→ **Work to complete**
Set down each line of the material that follows exactly, and leave its pictures out.

→ **Supplied information**

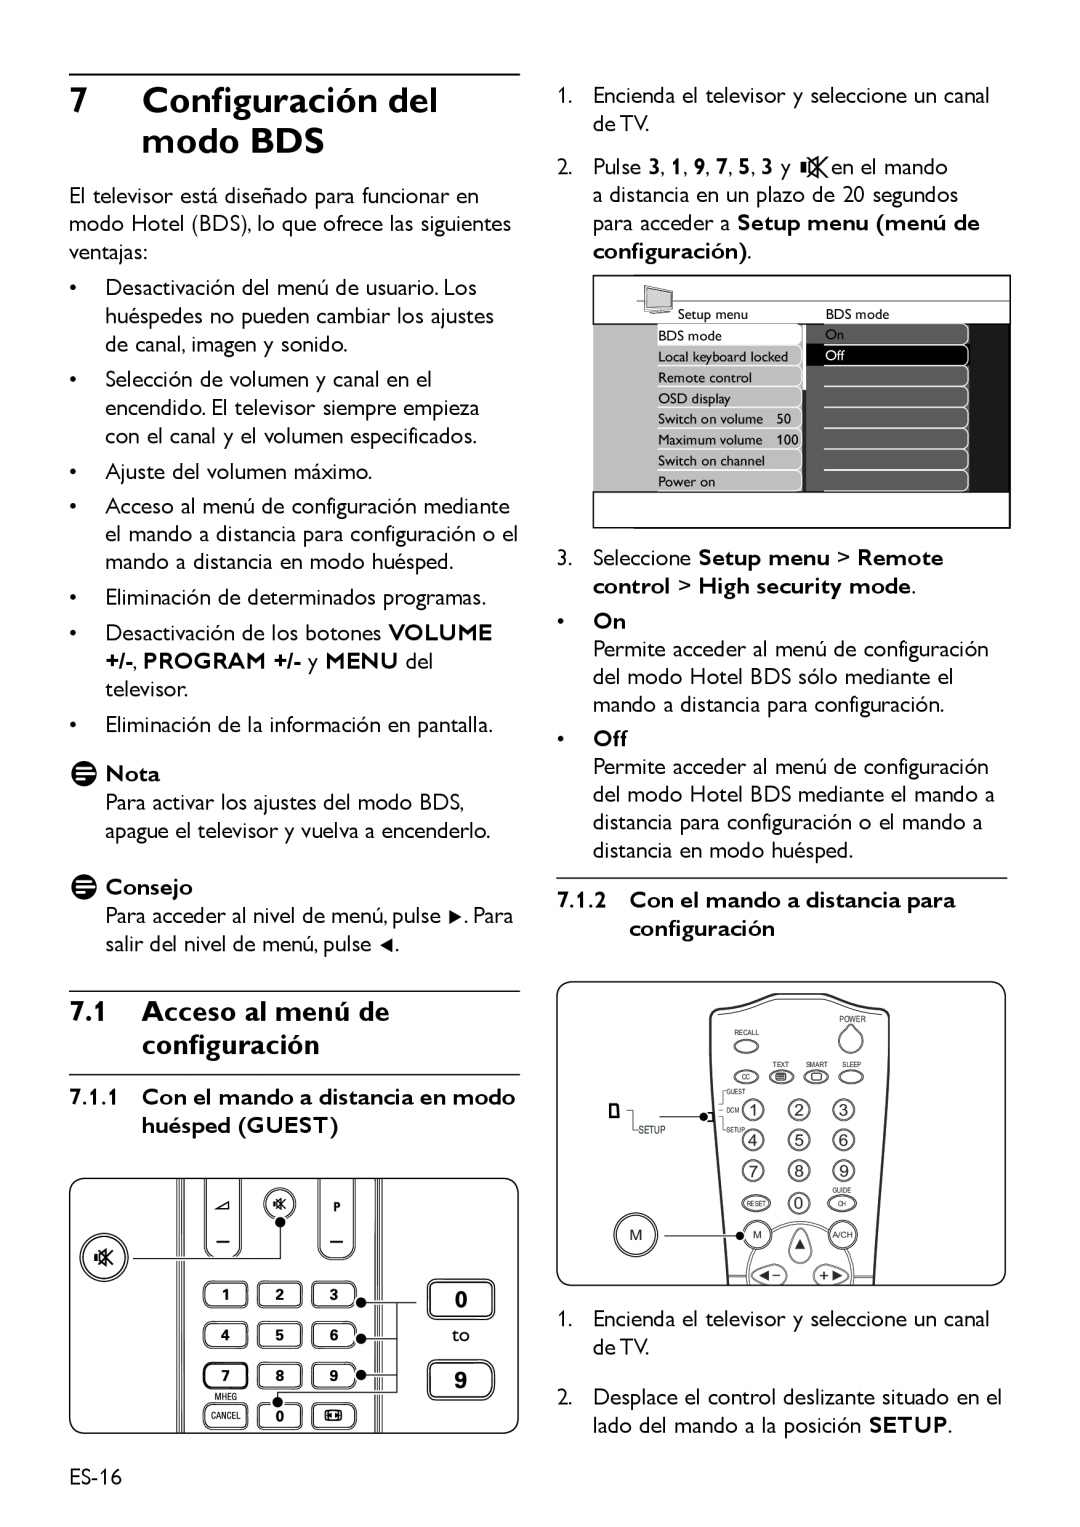 Philips DFU-DEC2008 manual 7Configuración del modo BDS, 7.1Acceso al menú de configuración, DDConsejo, Off, DDNota 
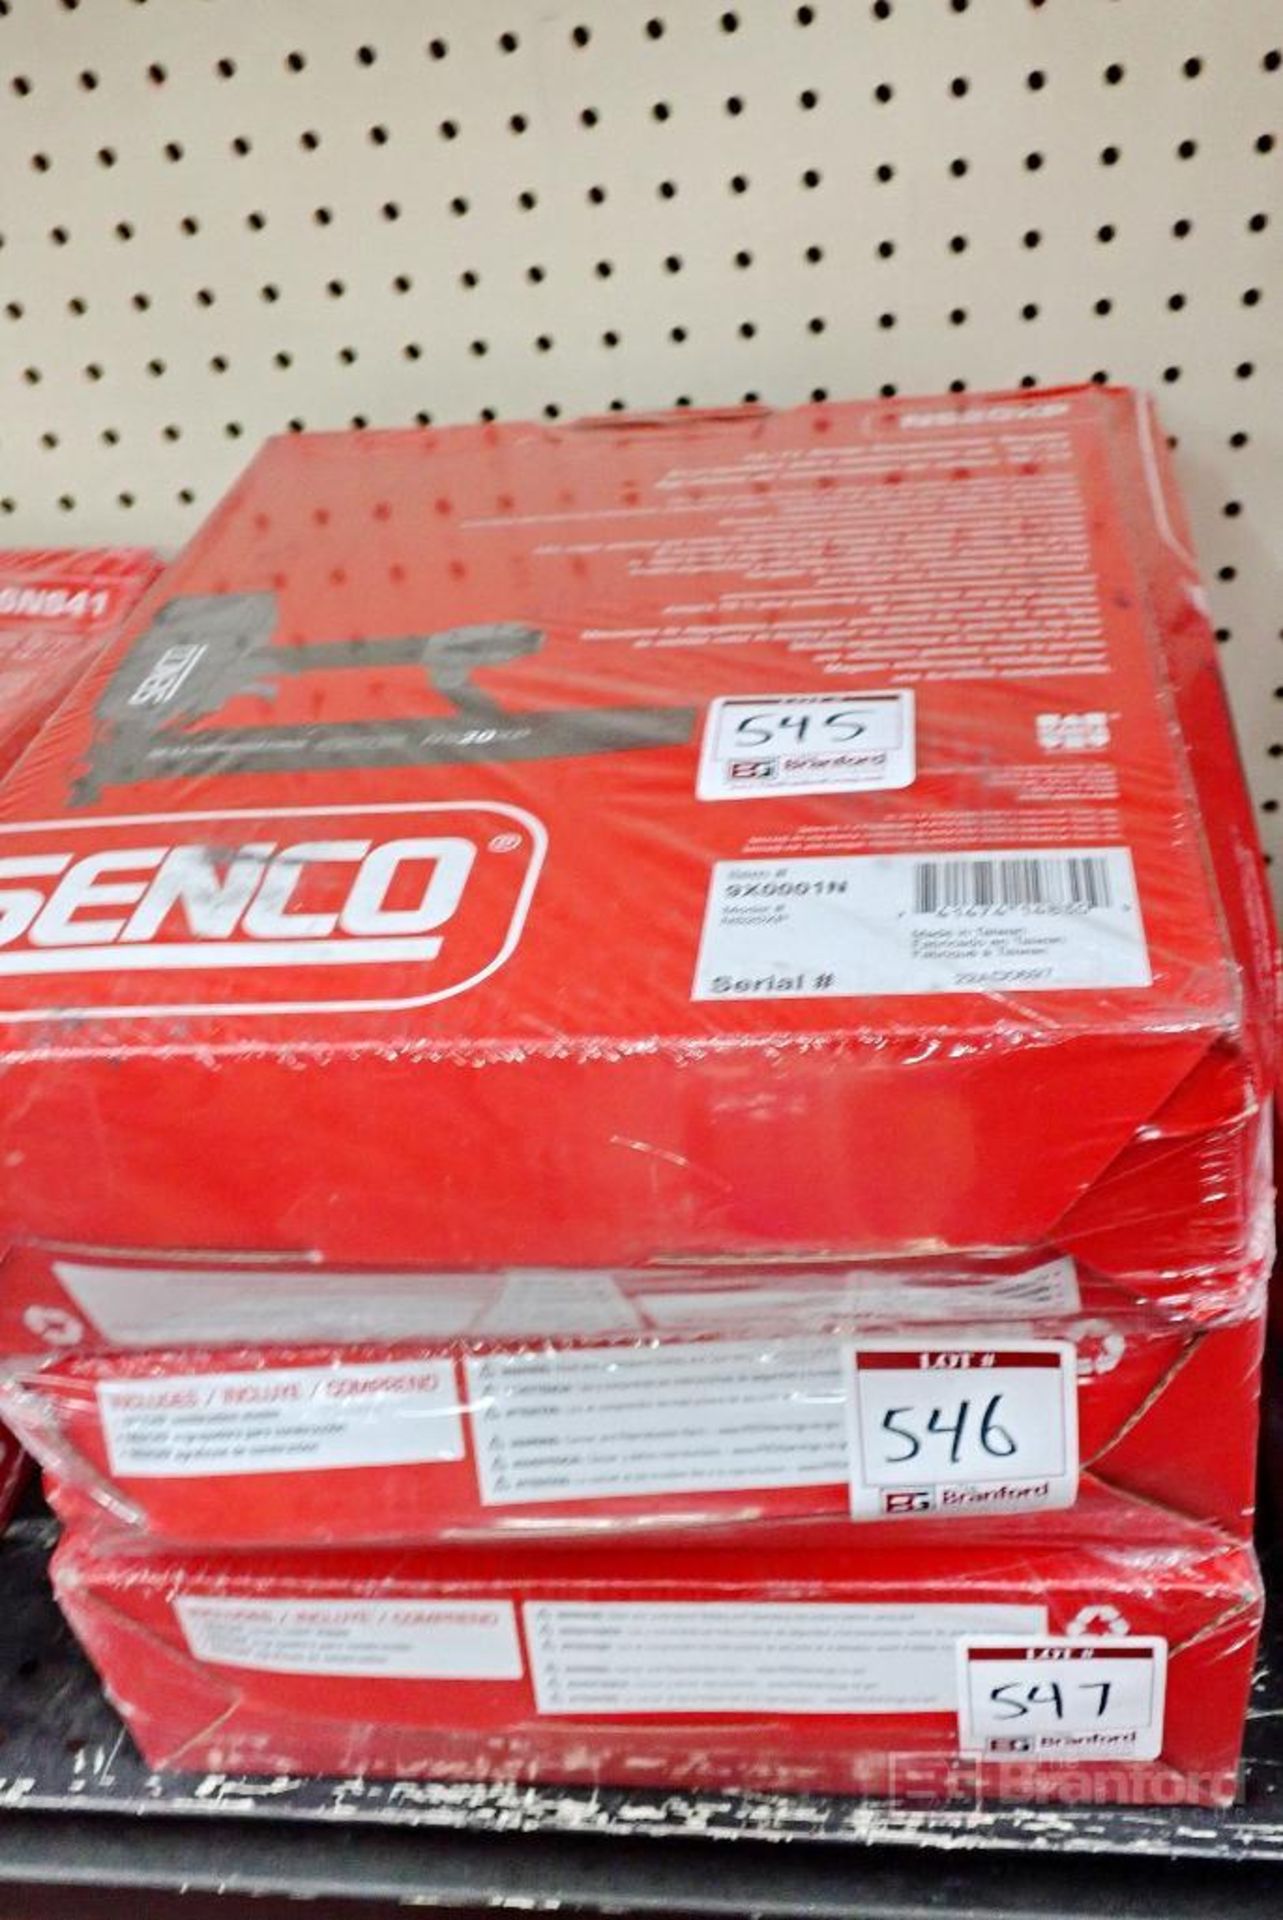 Senco NS20XP 16/17 Gauge Construction Stapler
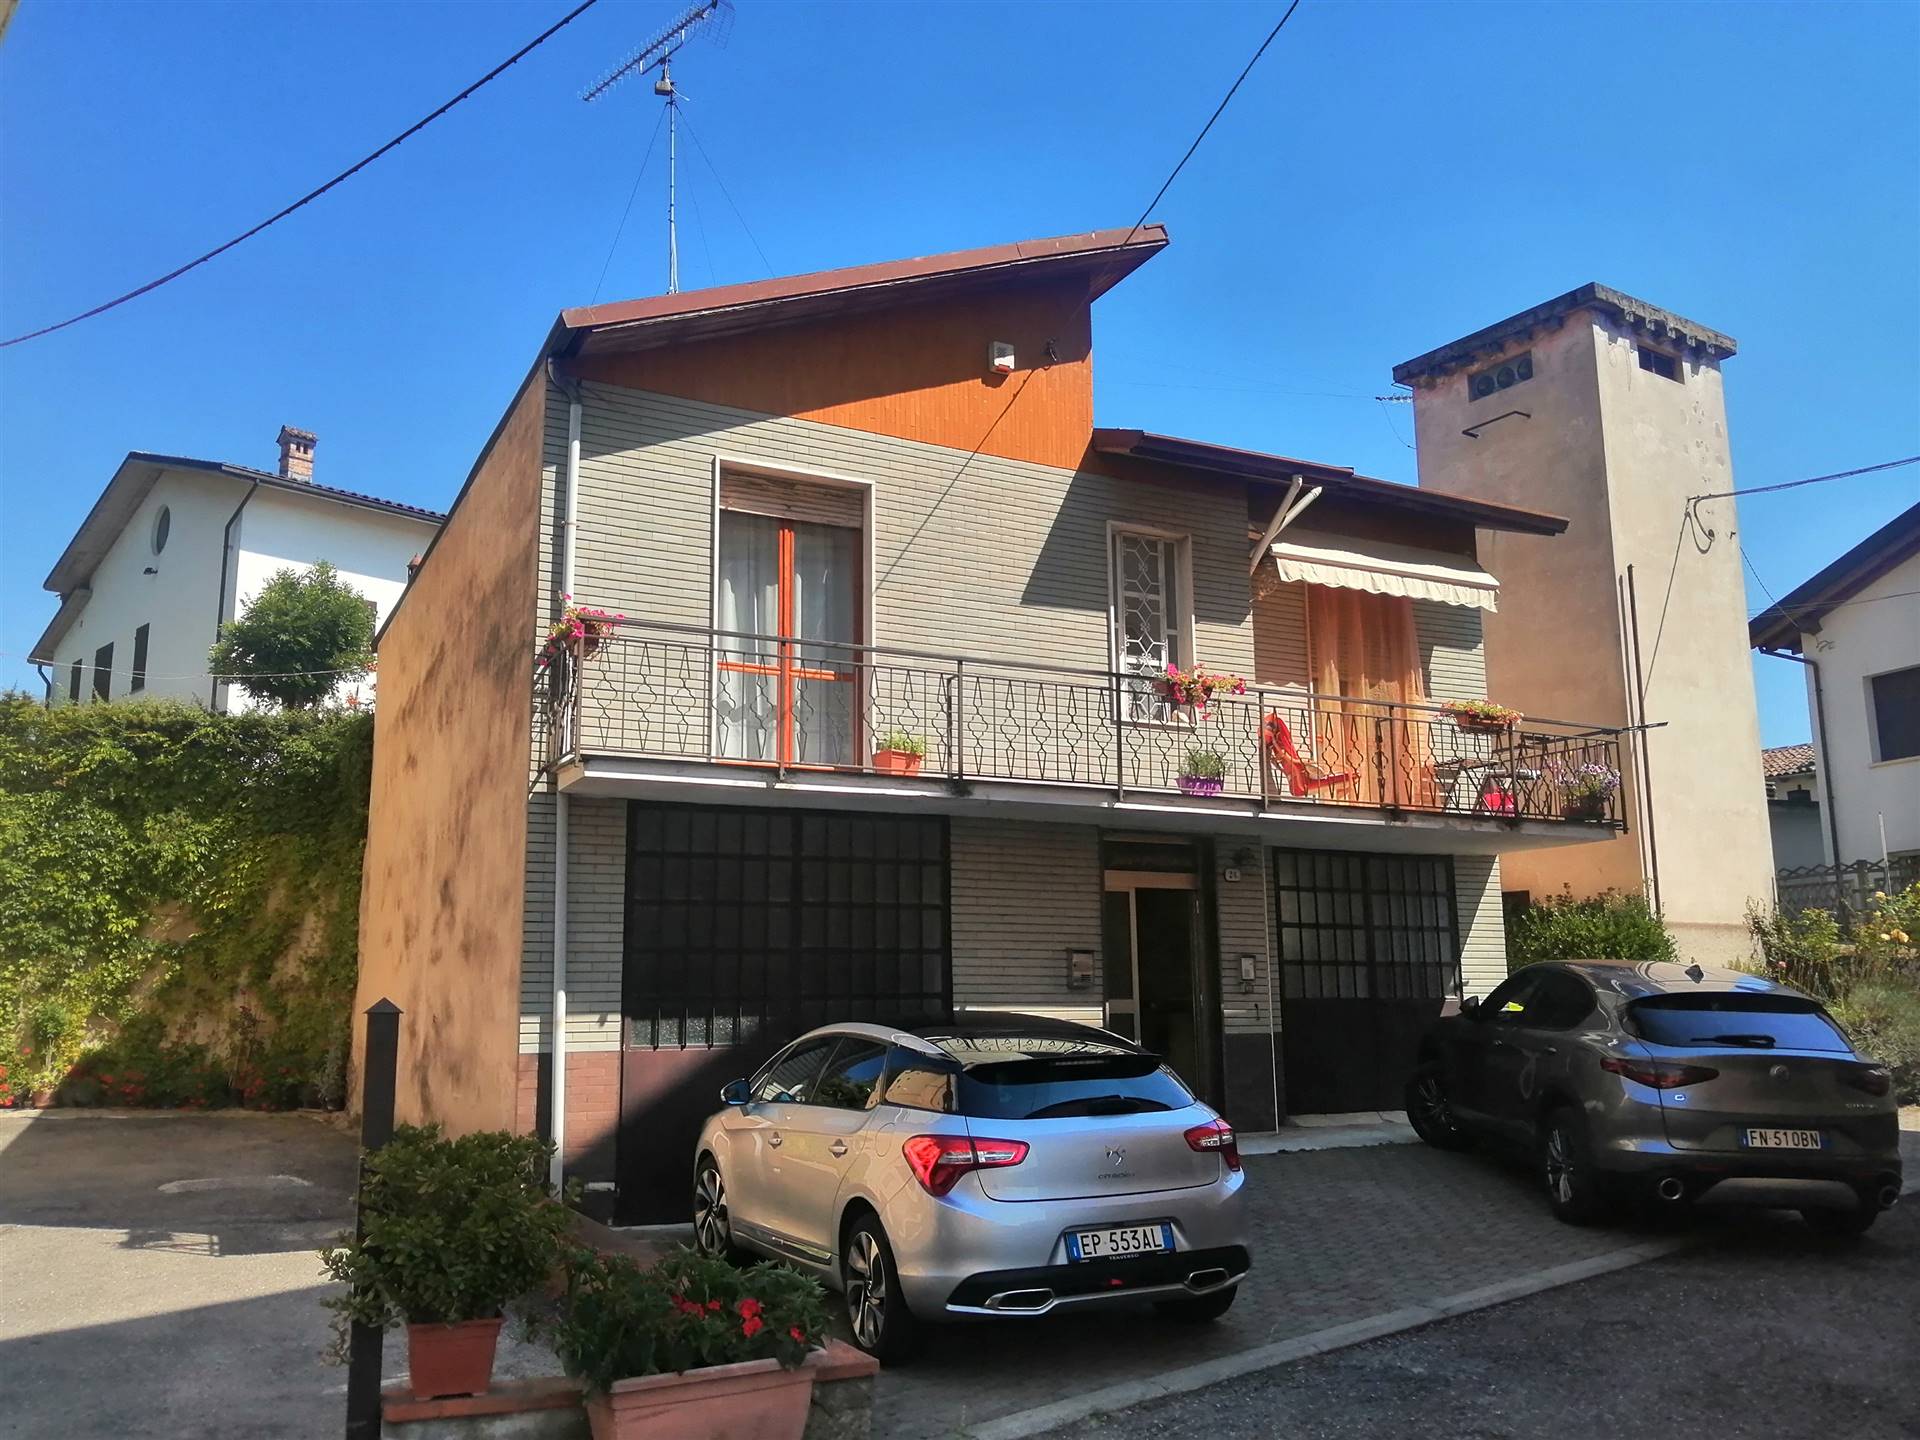 Villa in vendita a Cassano Spinola, 5 locali, prezzo € 99.000 | PortaleAgenzieImmobiliari.it

→ **The completed task**
 Philips DFU-DEC2008 manual 7Configuración del modo BDS, 7.1Acceso al menú de configuración, DDConsejo, Off, DDNota 
 Senco NS20XP 16/17 Gauge Construction Stapler
 Villa in vendita a Cassano Spinola, 5 locali, prezzo € 99.000 | PortaleAgenzieImmobiliari.it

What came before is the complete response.